> THE TASK:
Your copy of the listing should match it exactly, only without pictures.

> COLLECTED DATA:

________________________________________

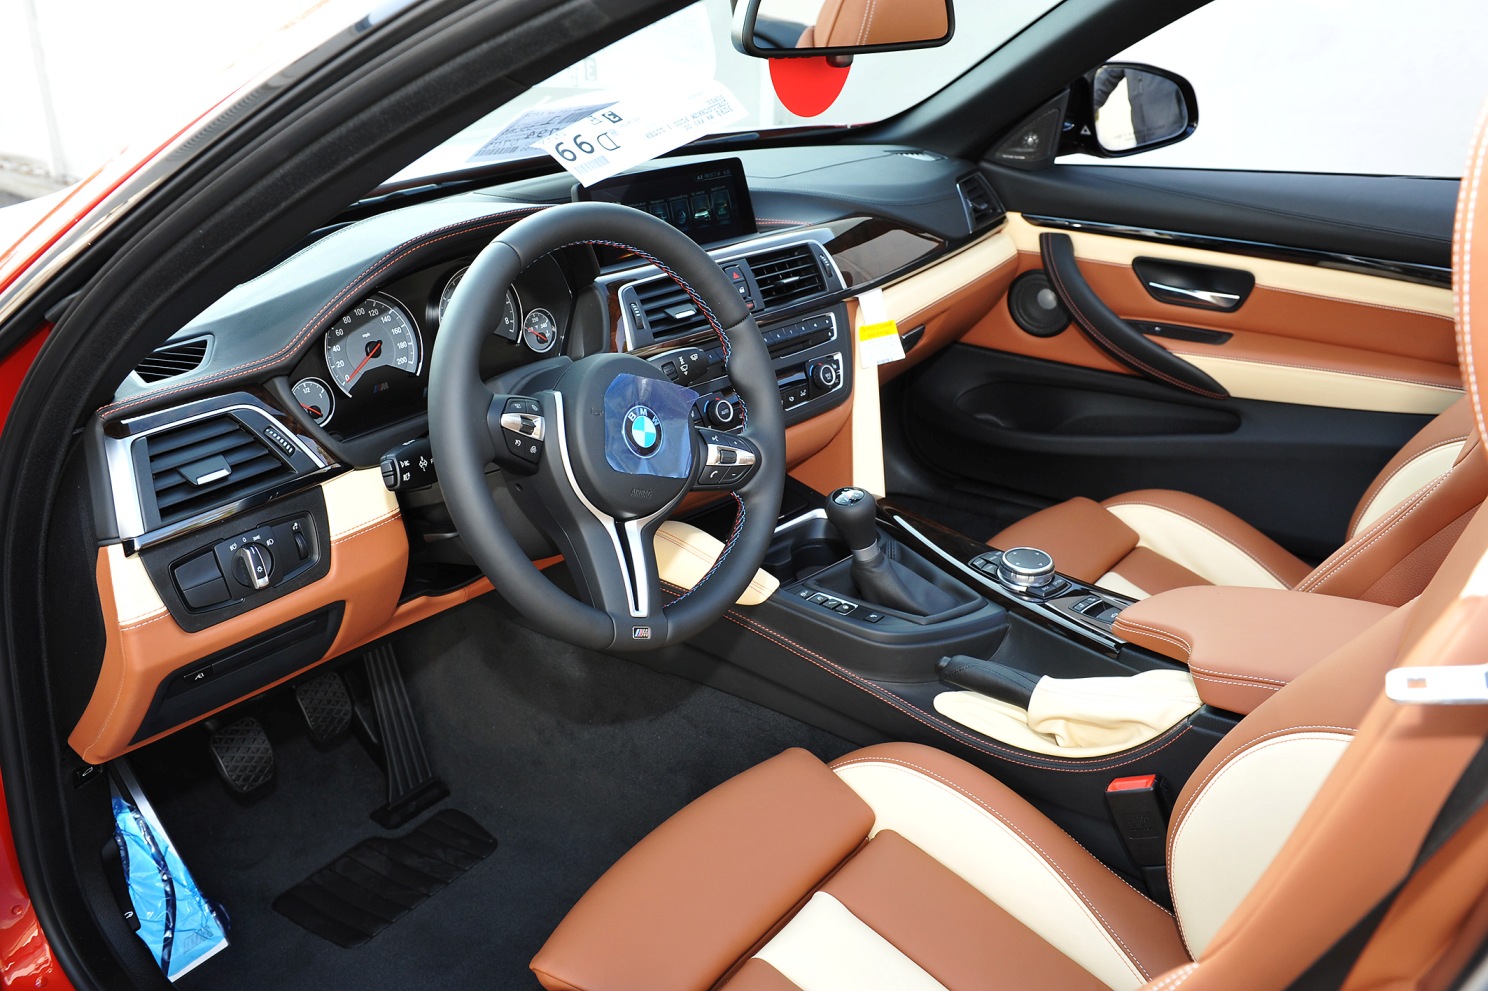 Compliment Inhale Wrong Photos] Bespoke 2017 BMW M4 Individual Interior - BMW.SG | BMW Singapore  Owners Community
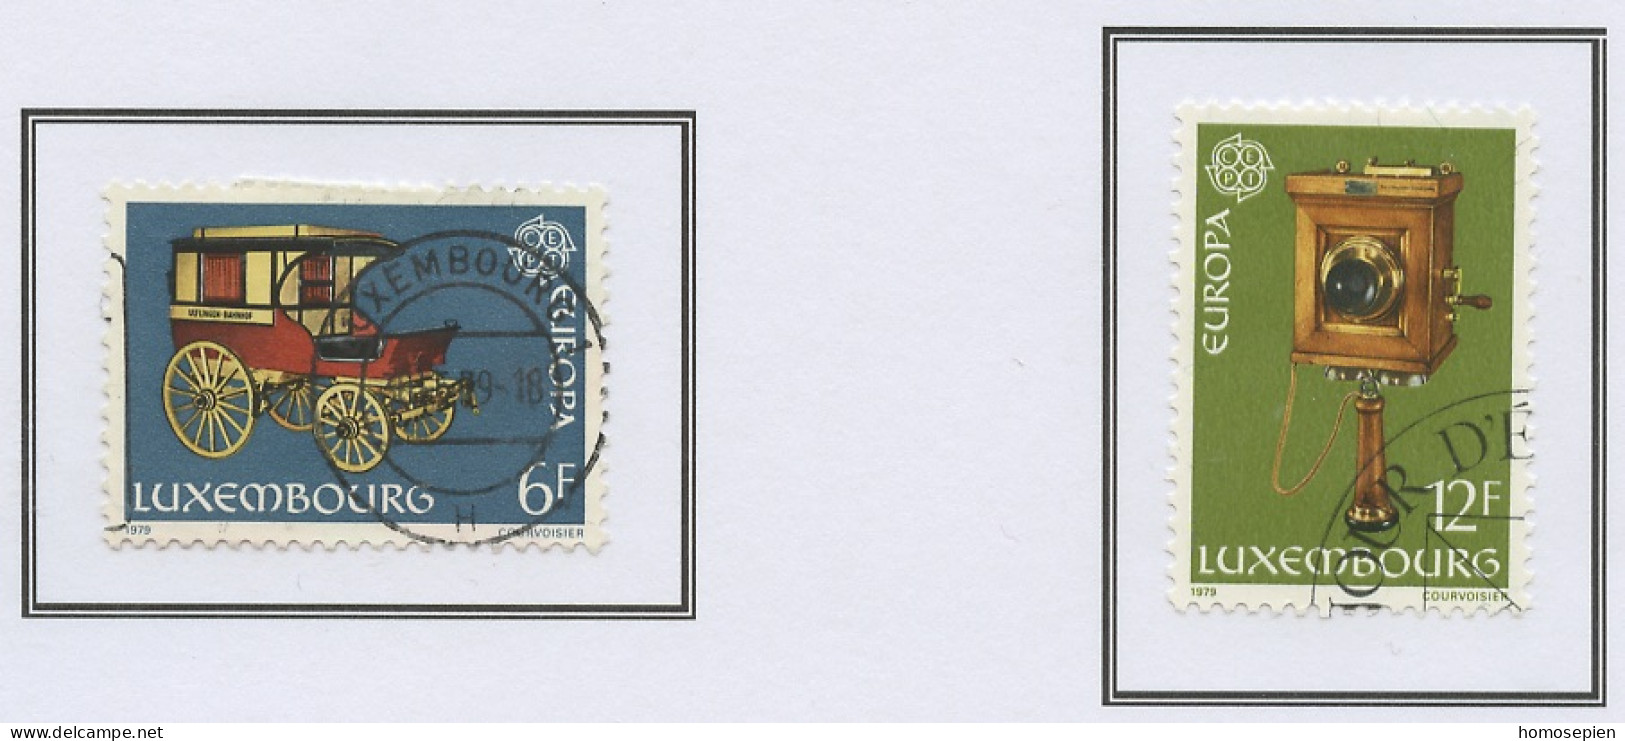 Luxembourg - Luxemburg 1979 Y&T N°937 à 938 - Michel N°987 à 988 (o) - EUROPA - Used Stamps
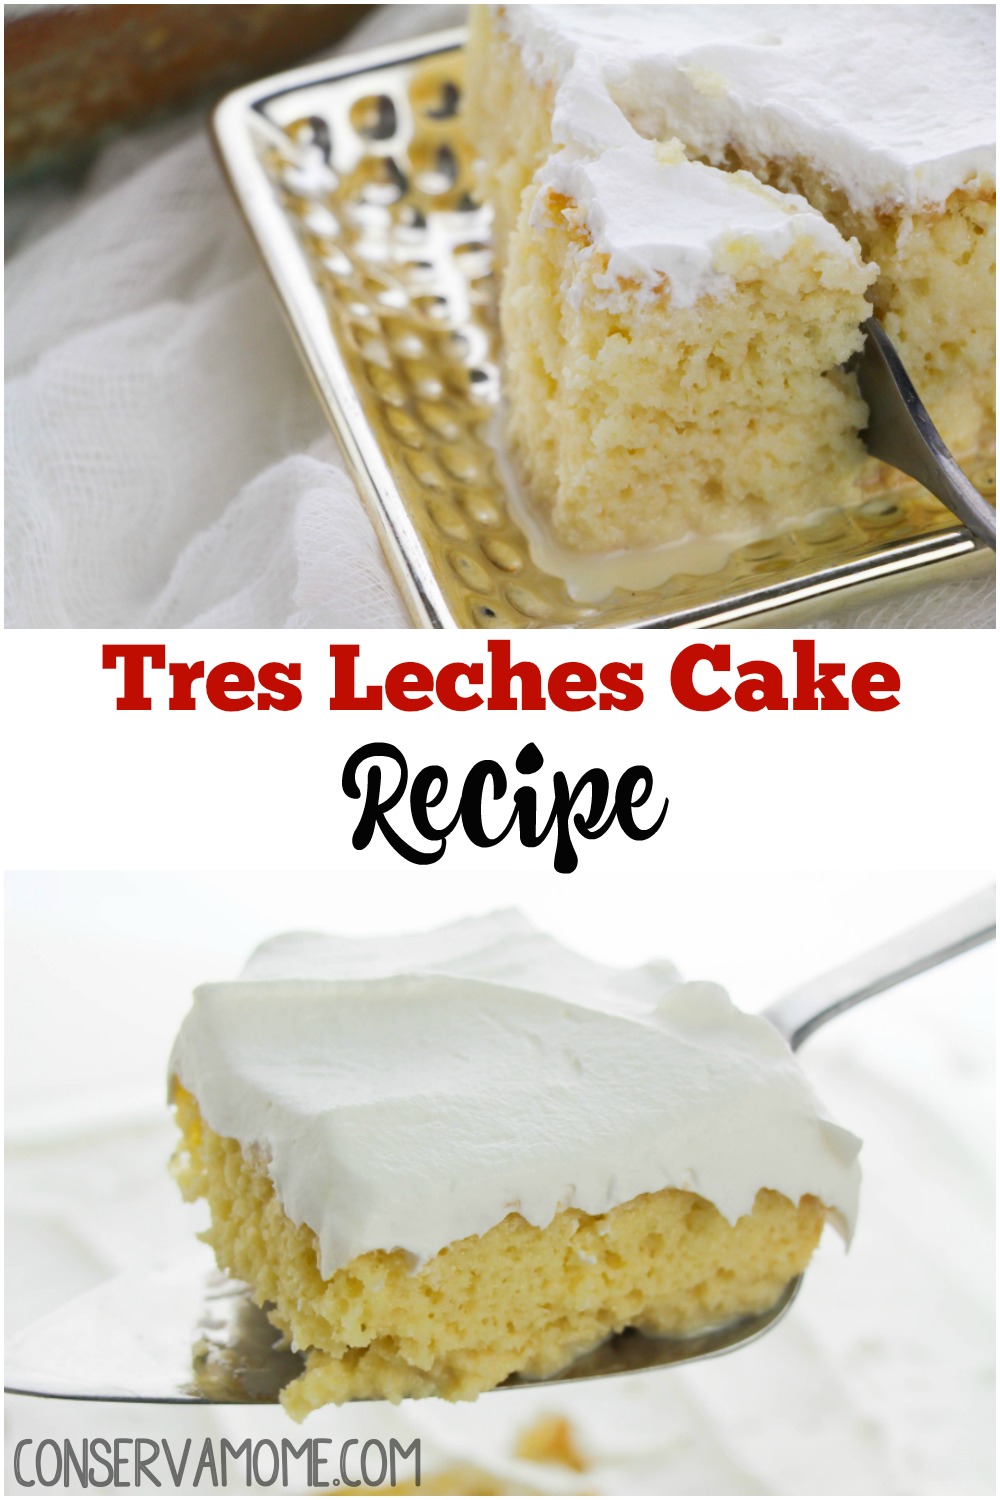 The taste and flavor of this Tres Leches Cake will make you want to skip dinner and just head straight into dessert. This delicious latin dessert recipe will become a favorite in your home.  Not only is it rich and wonderful, but it's dense and moist as well. It's one dessert recipe that you just might break the rules for. 

________________________________________

> RESPONSE TO THE TASK:
 Compliment Inhale Wrong Photos] Bespoke 2017 BMW M4 Individual Interior - BMW.SG | BMW Singapore  Owners Community
 Luxembourg - Luxemburg 1979 Y&T N°937 à 938 - Michel N°987 à 988 (o) - EUROPA - Used Stamps
 The taste and flavor of this Tres Leches Cake will make you want to skip dinner and just head straight into dessert. This delicious latin dessert recipe will become a favorite in your home.  Not only is it rich and wonderful, but it's dense and moist as well. It's one dessert recipe that you just might break the rules for. 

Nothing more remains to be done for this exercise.